**INSTRUCTIONS TO FOLLOW:** Data follows below. Repeat exactly the lines between the line holding "Bulgaria (8), 20" and the line holding "Hayfa Al-Abdulla", inclusive, and nothing more; drop pictures.

**PROVIDED RECORDS:**
====================

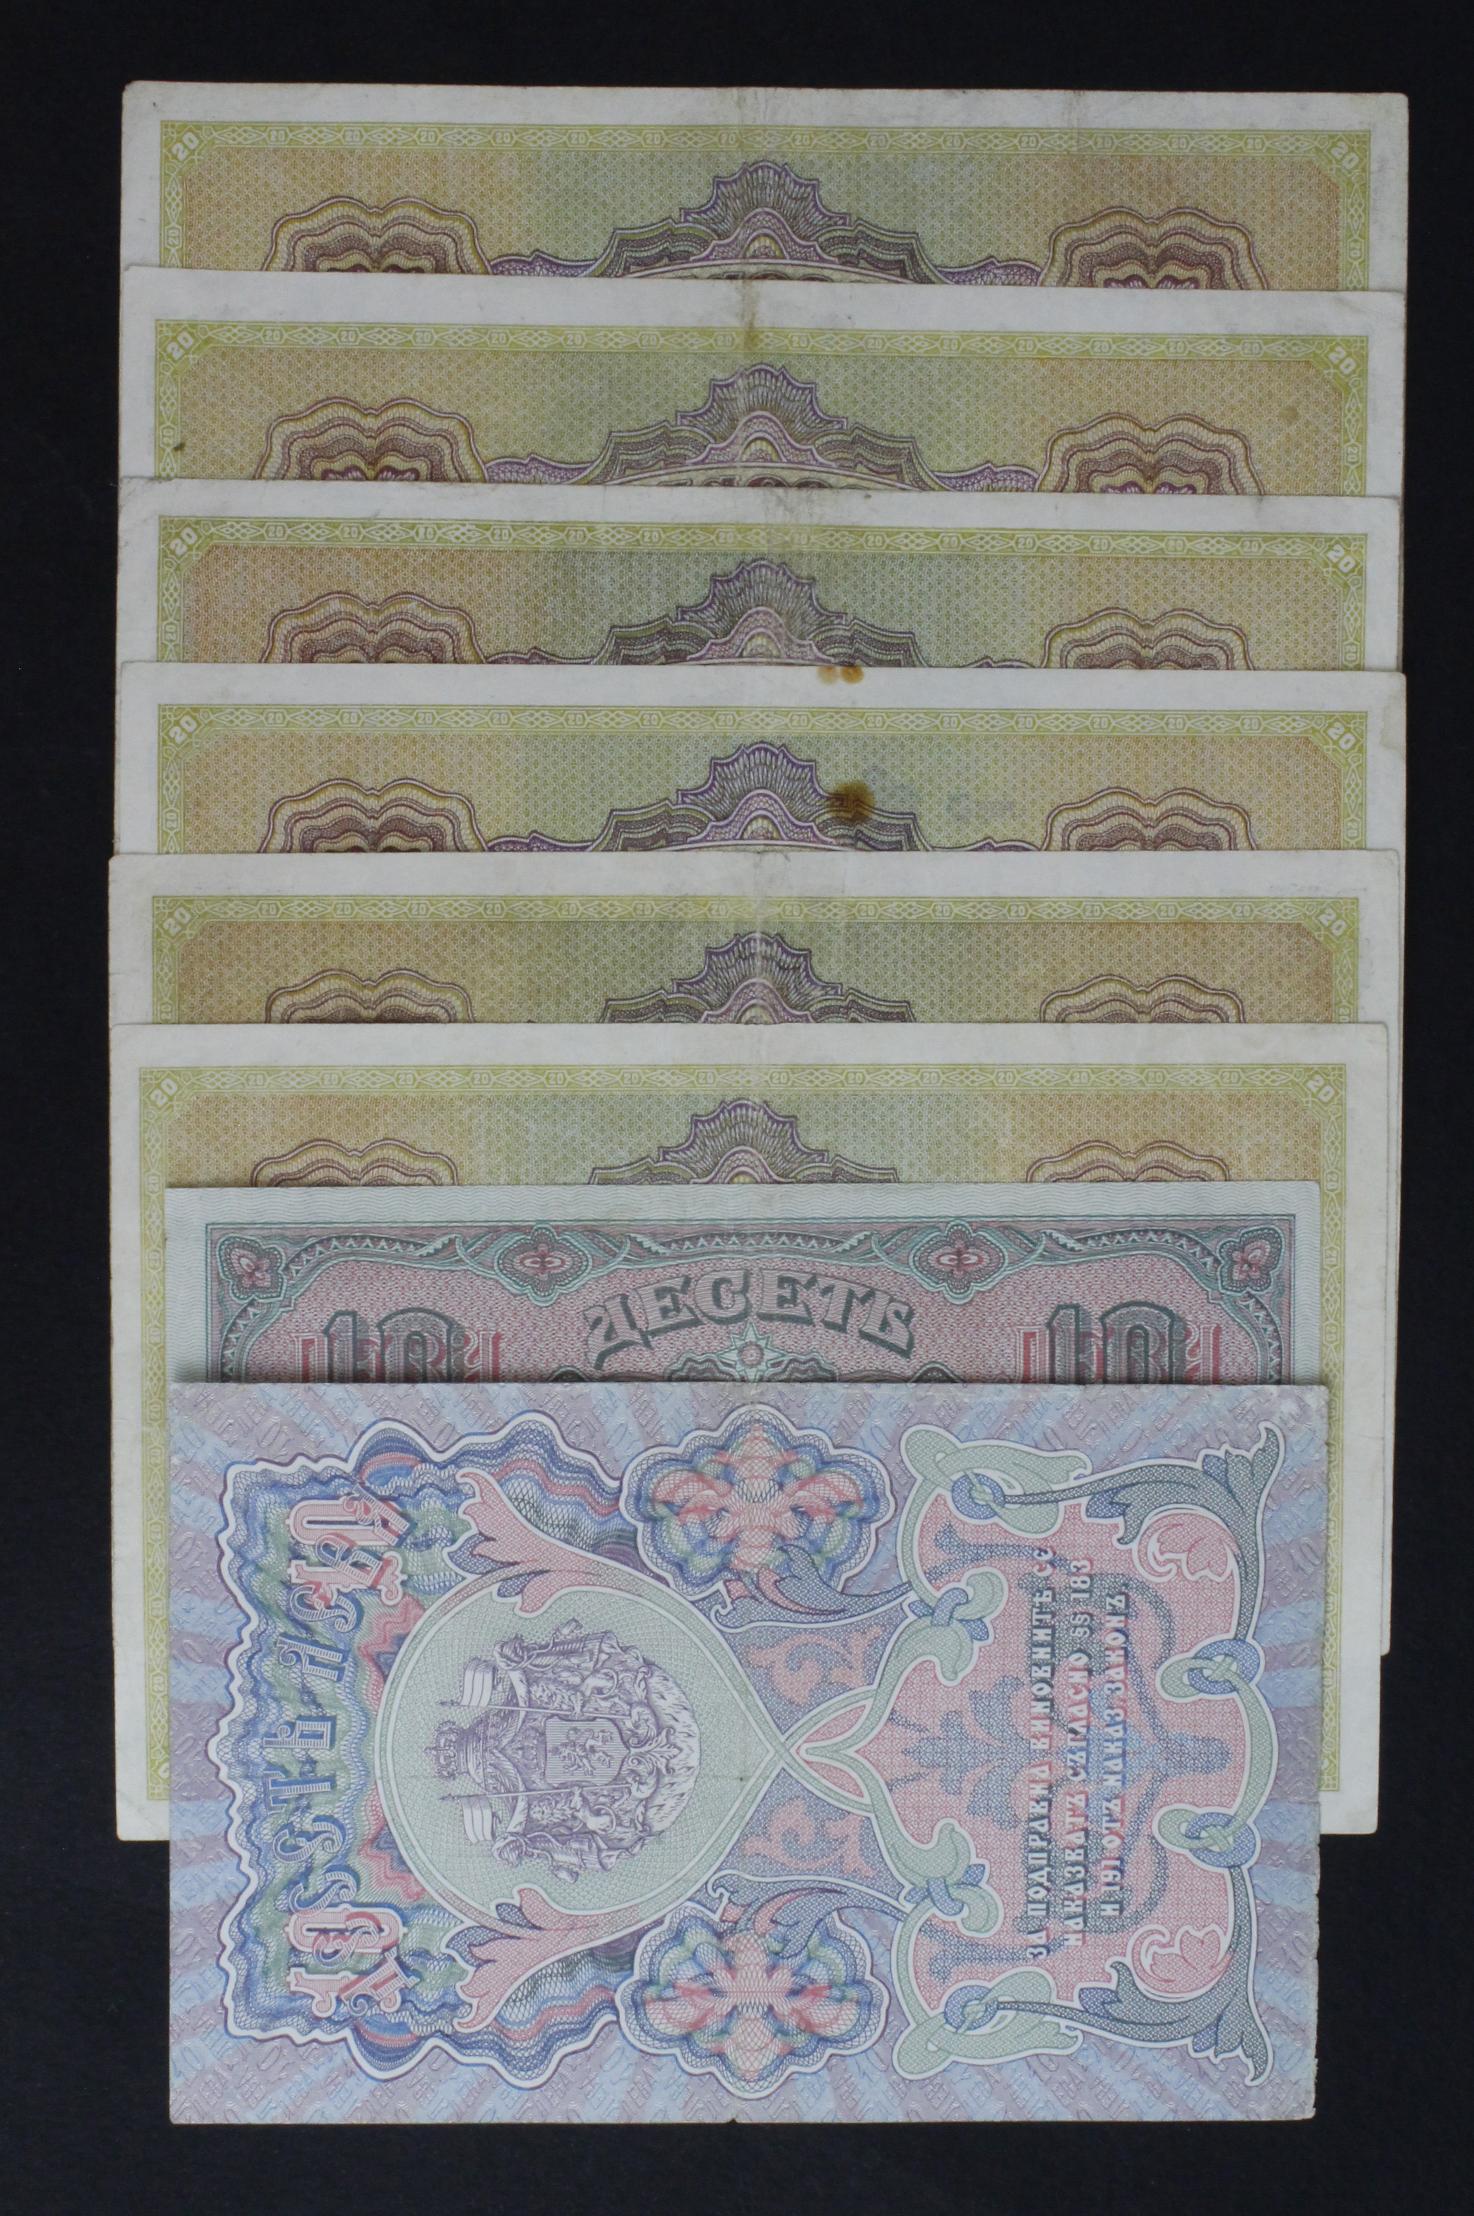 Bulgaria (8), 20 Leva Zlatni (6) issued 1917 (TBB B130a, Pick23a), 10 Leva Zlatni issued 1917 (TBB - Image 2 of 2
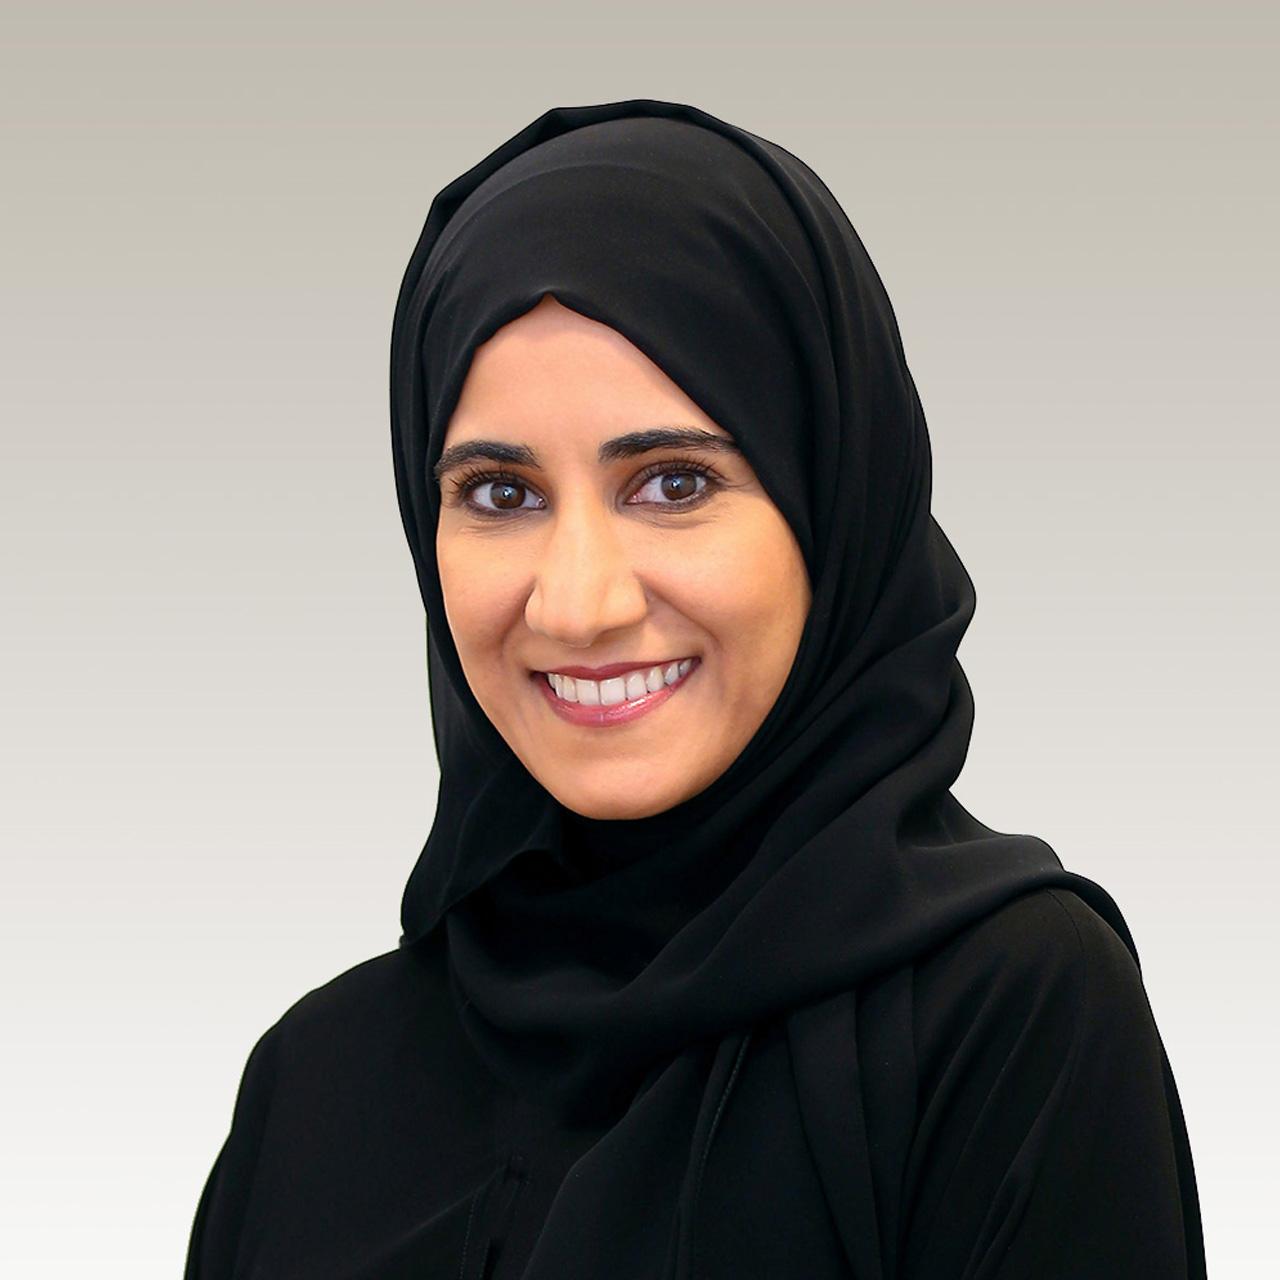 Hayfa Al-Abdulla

====================

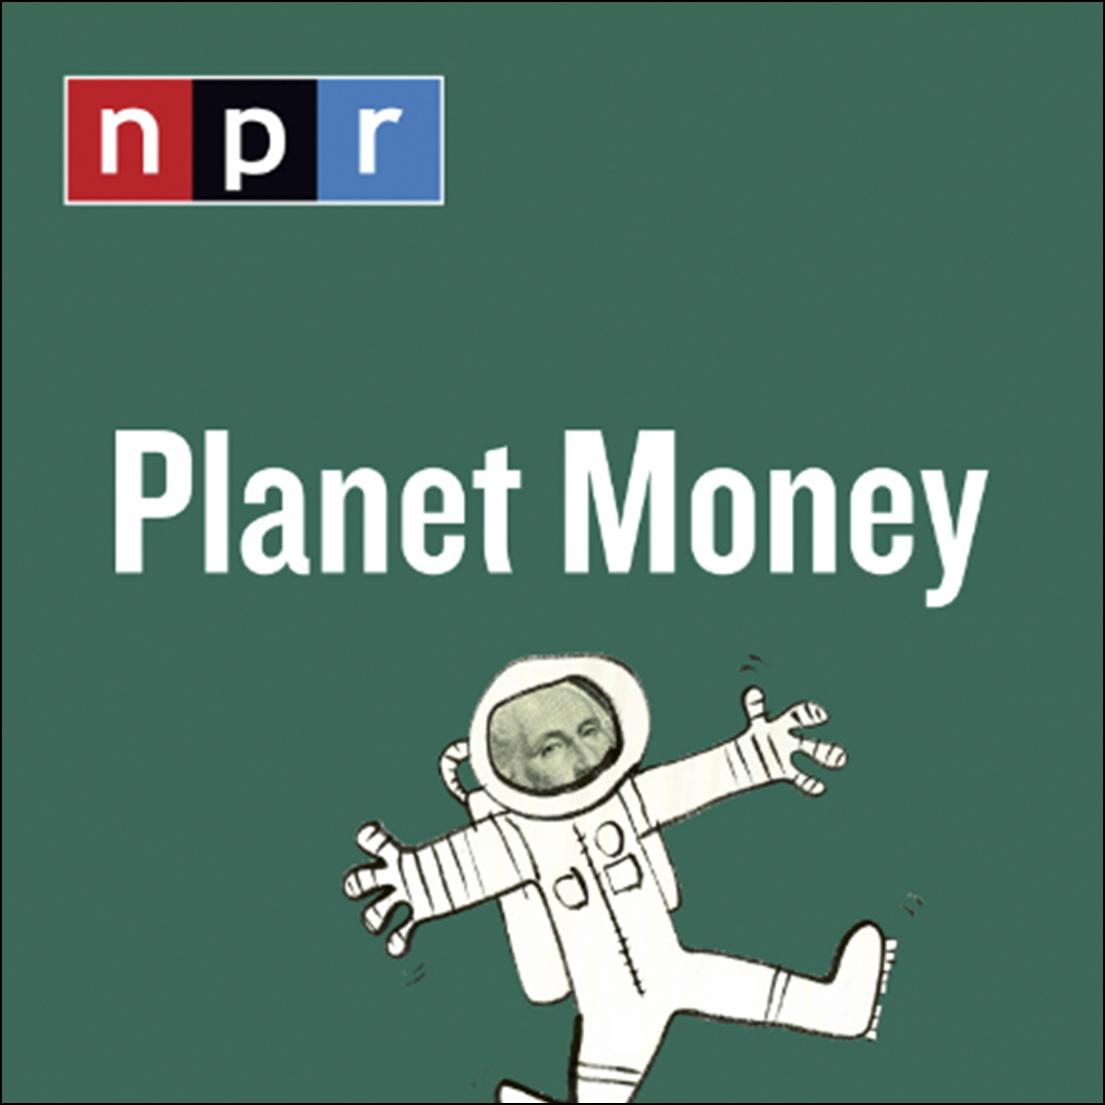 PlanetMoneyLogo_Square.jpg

====================

**EXPECTED OUTPUT:**
 Bulgaria (8), 20 Leva Zlatni (6) issued 1917 (TBB B130a, Pick23a), 10 Leva Zlatni issued 1917 (TBB - Image 2 of 2
 Hayfa Al-Abdulla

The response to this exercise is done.